───── SUPPLIED DATA ─────

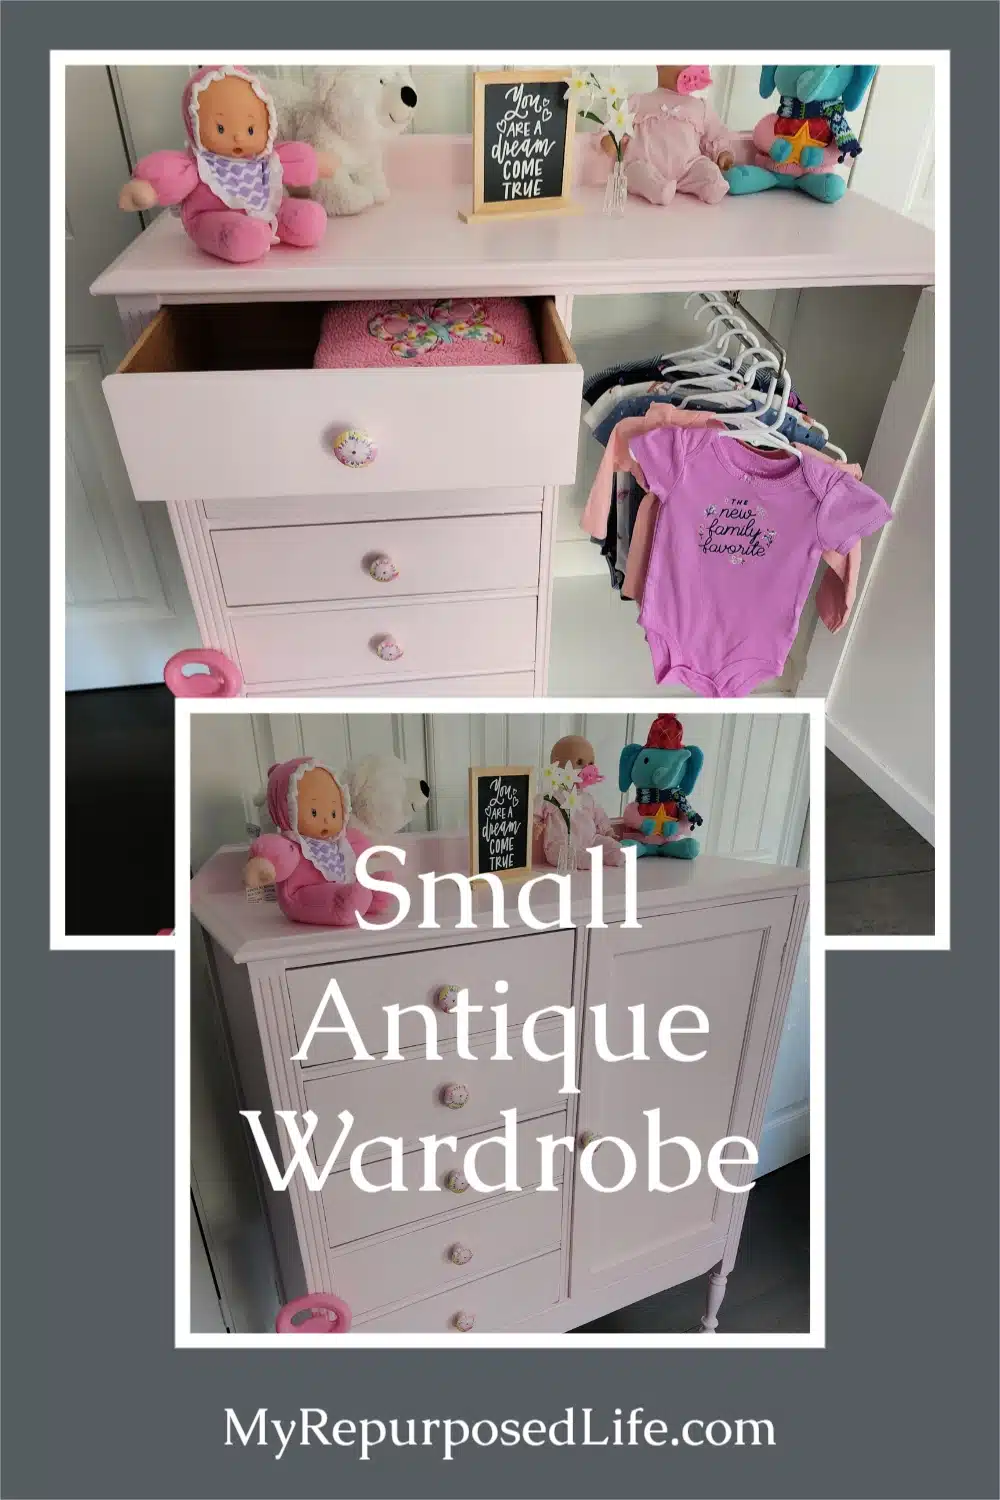 How To Paint An Old Wardrobe: A Quick And Easy Guide. Loaded with lots of tips to do an antique wardrobe makeover with paint and decoupage. #MyRepurposedLife #upcyle #furniture #makeover via @repurposedlife
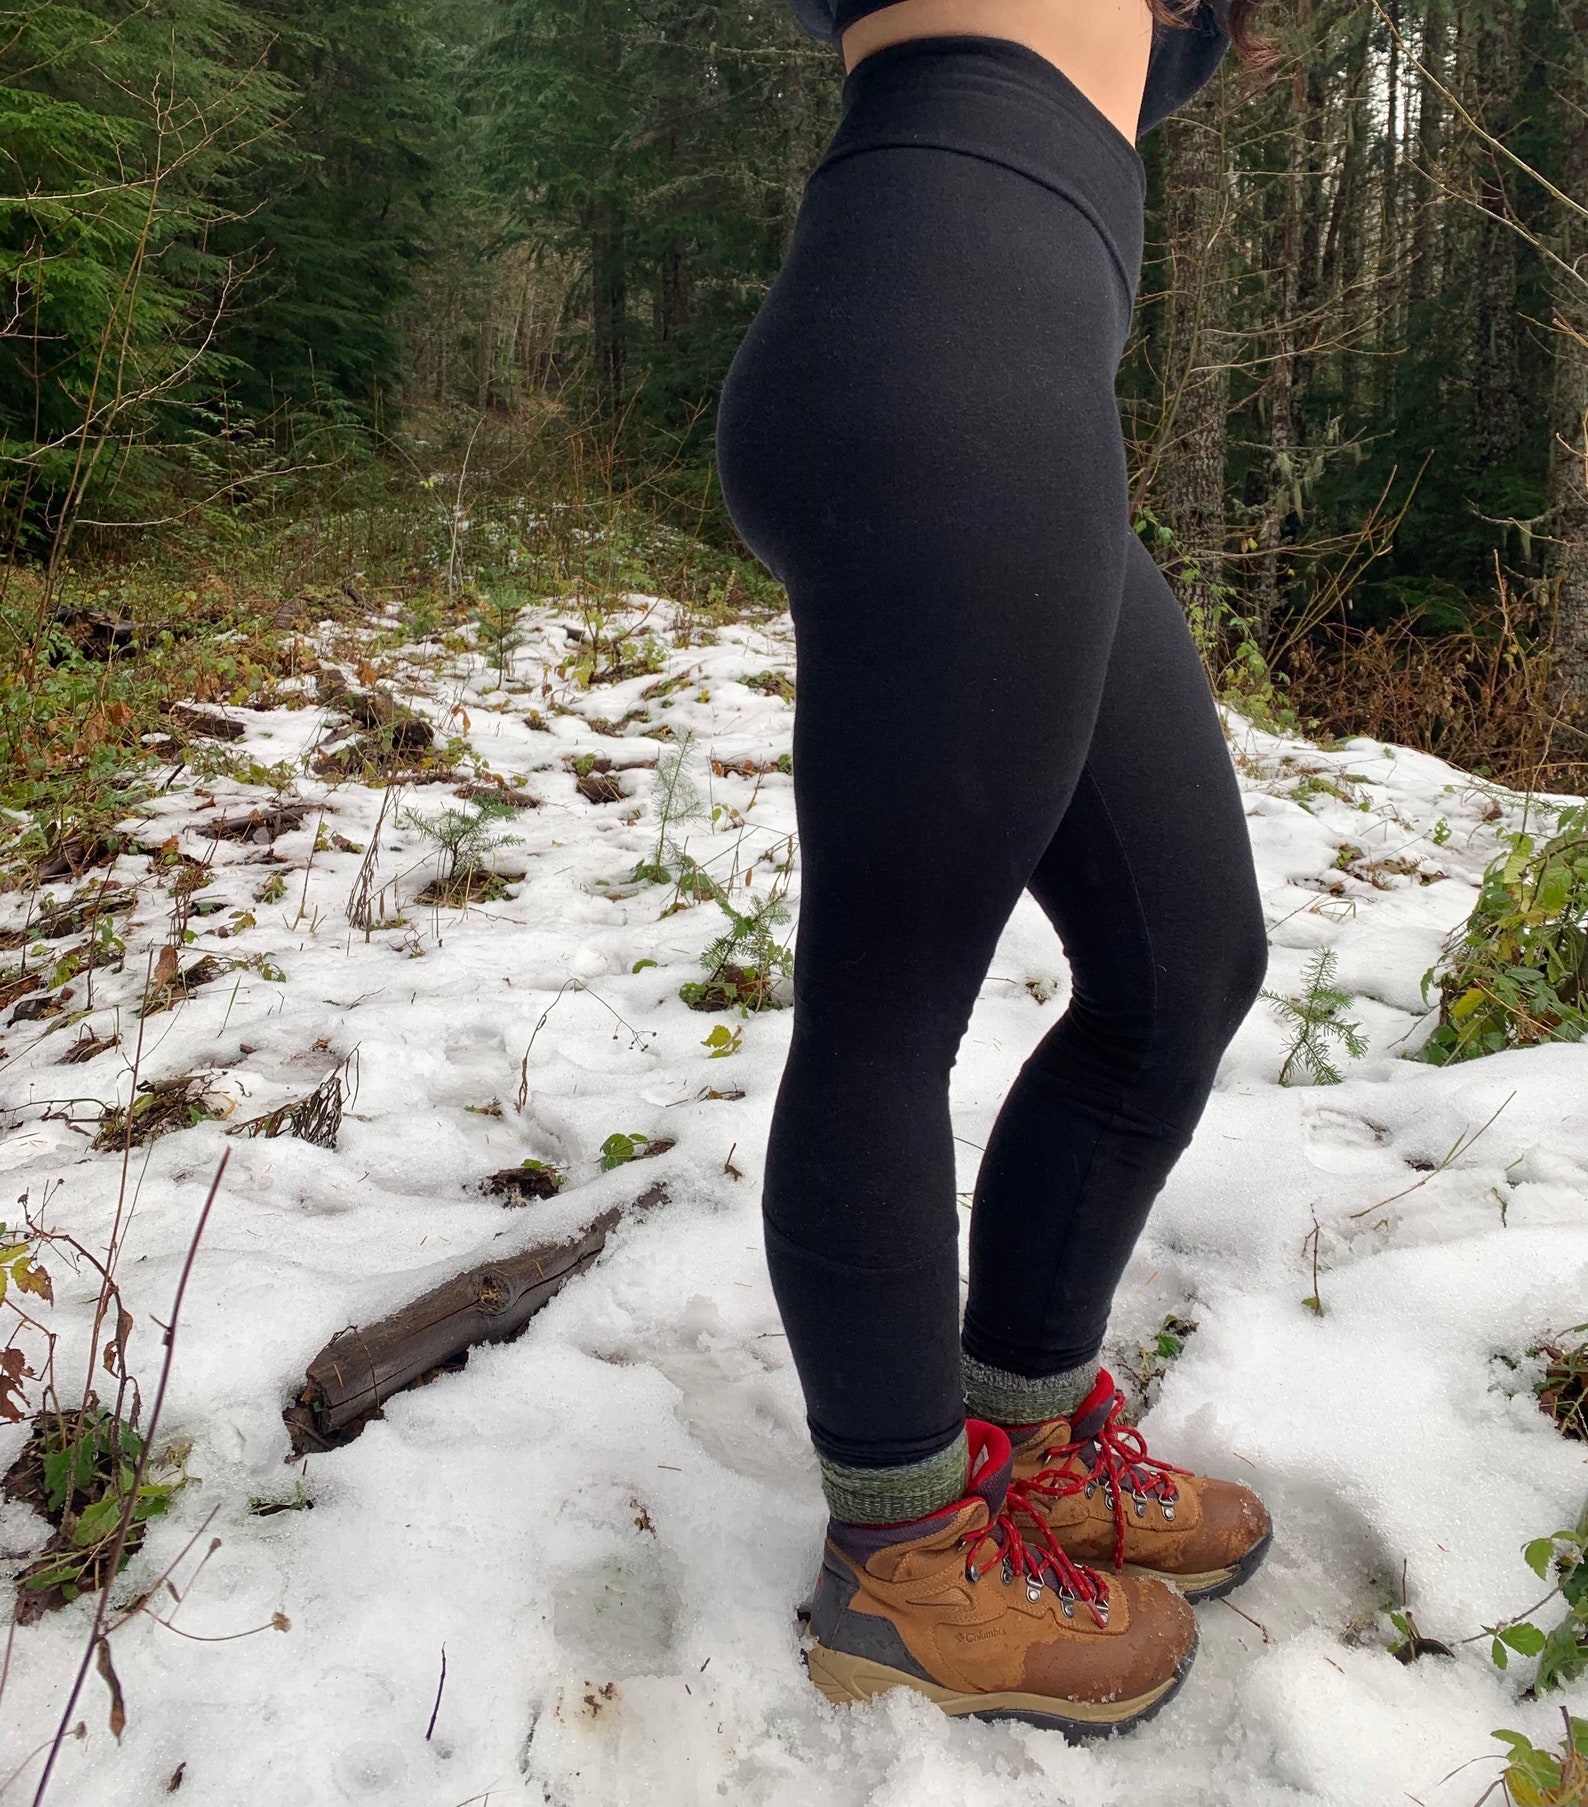 14 Of The Best Fleece-Lined Leggings To Keep Your Legs Toasty Warm
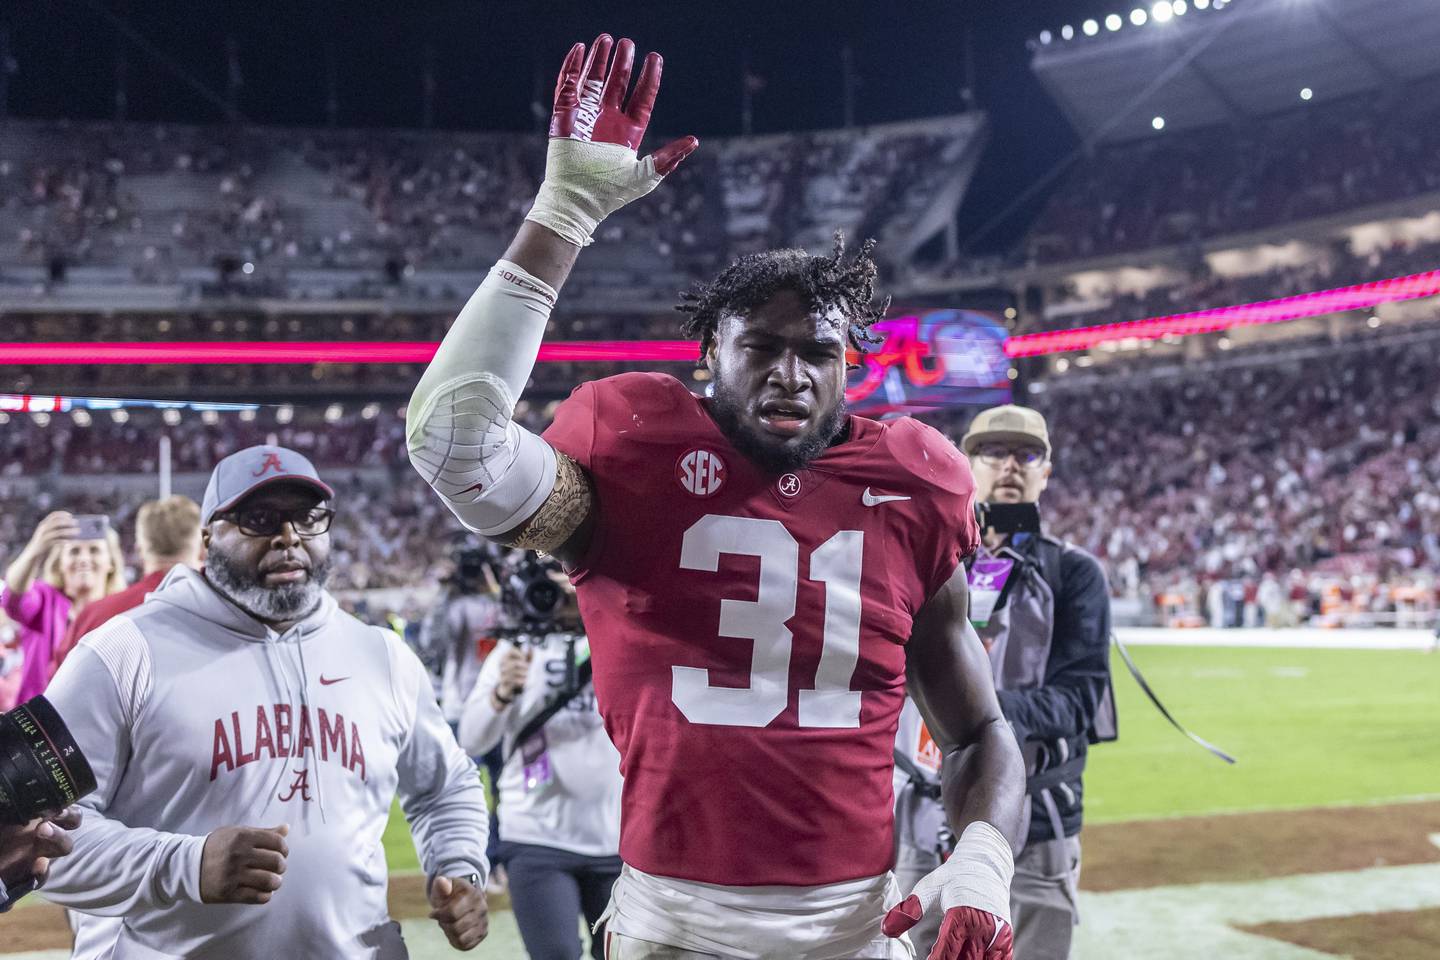 Alabama linebacker Will Anderson Jr. waves to fans as he leaves the field after the team's win over Texas A&M on Saturday in Tuscaloosa, Alabama
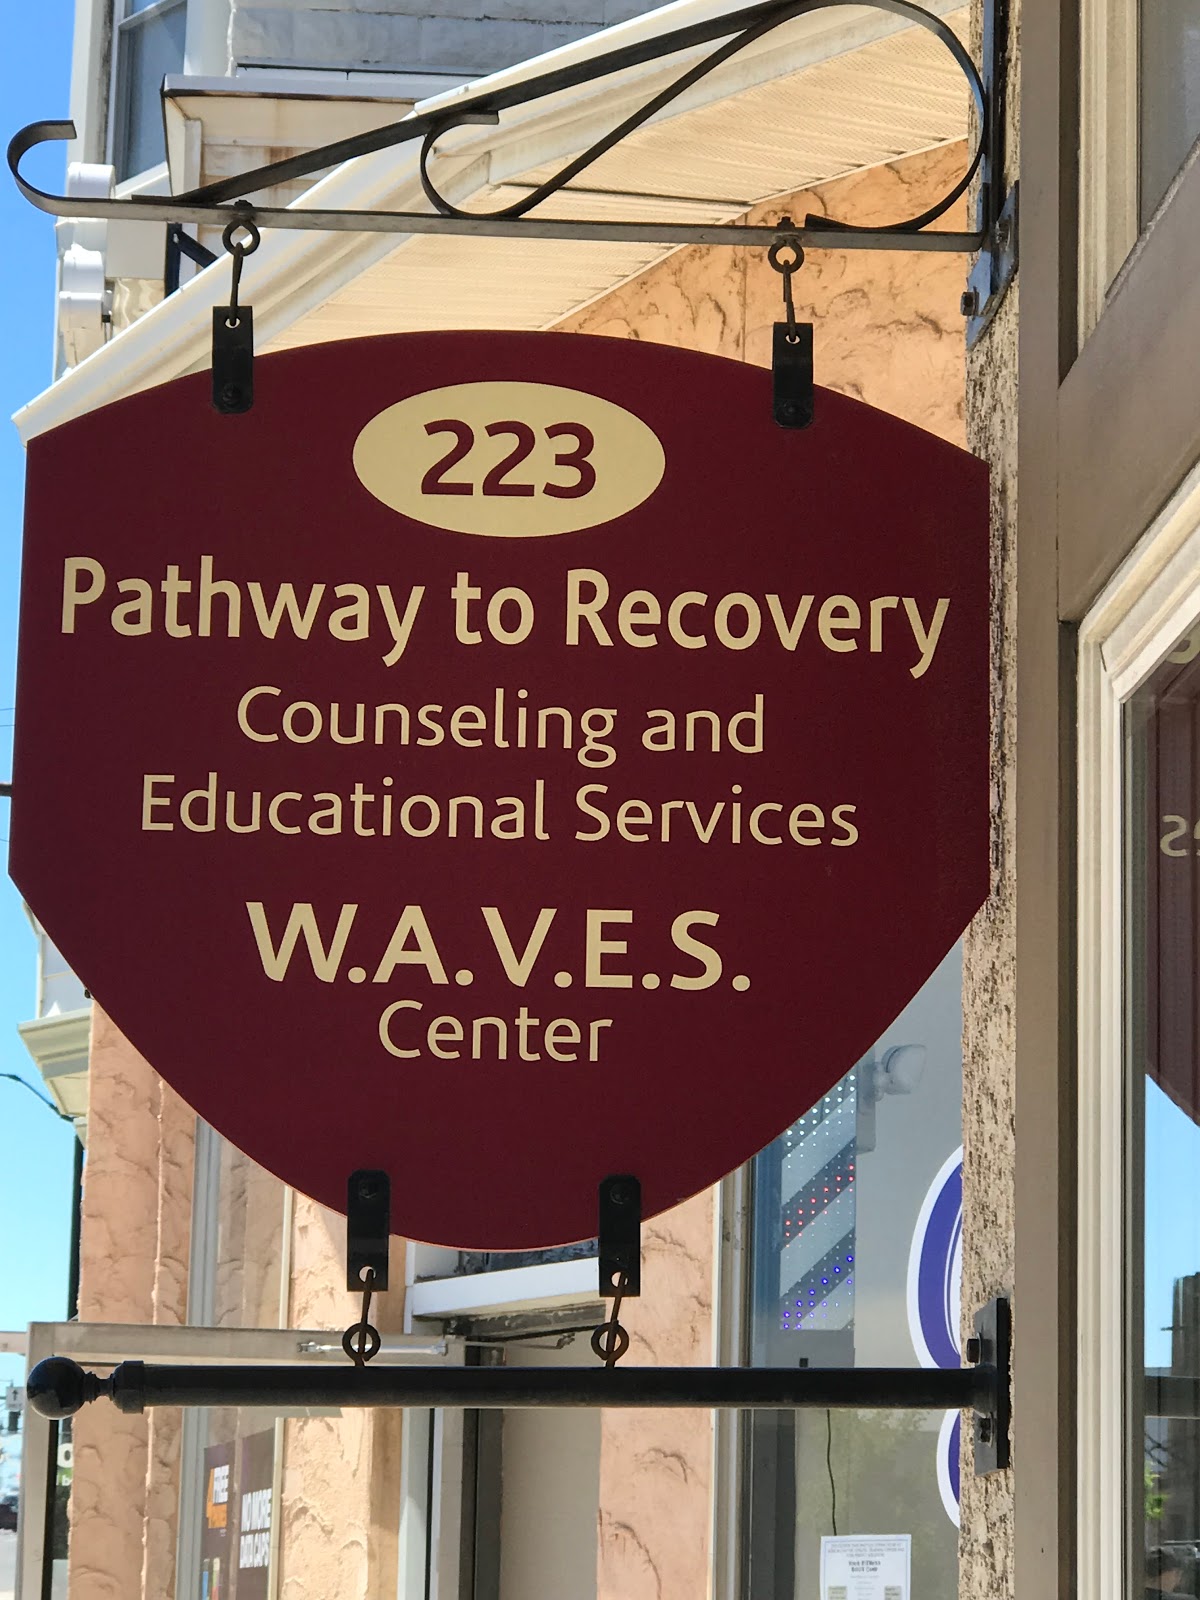 Pathway to Recovery - Counseling and Educational Services

─────

AIM OF THE TASK: Should there be pictures in the data, leave them out and return the rest exactly.

PROBLEM SOLUTION:
 How To Paint An Old Wardrobe: A Quick And Easy Guide. Loaded with lots of tips to do an antique wardrobe makeover with paint and decoupage. #MyRepurposedLife #upcyle #furniture #makeover via @repurposedlife
 14 Of The Best Fleece-Lined Leggings To Keep Your Legs Toasty Warm
 Alabama linebacker Will Anderson Jr. waves to fans as he leaves the field after the team's win over Texas A&M on Saturday in Tuscaloosa, Alabama
 Pathway to Recovery - Counseling and Educational Services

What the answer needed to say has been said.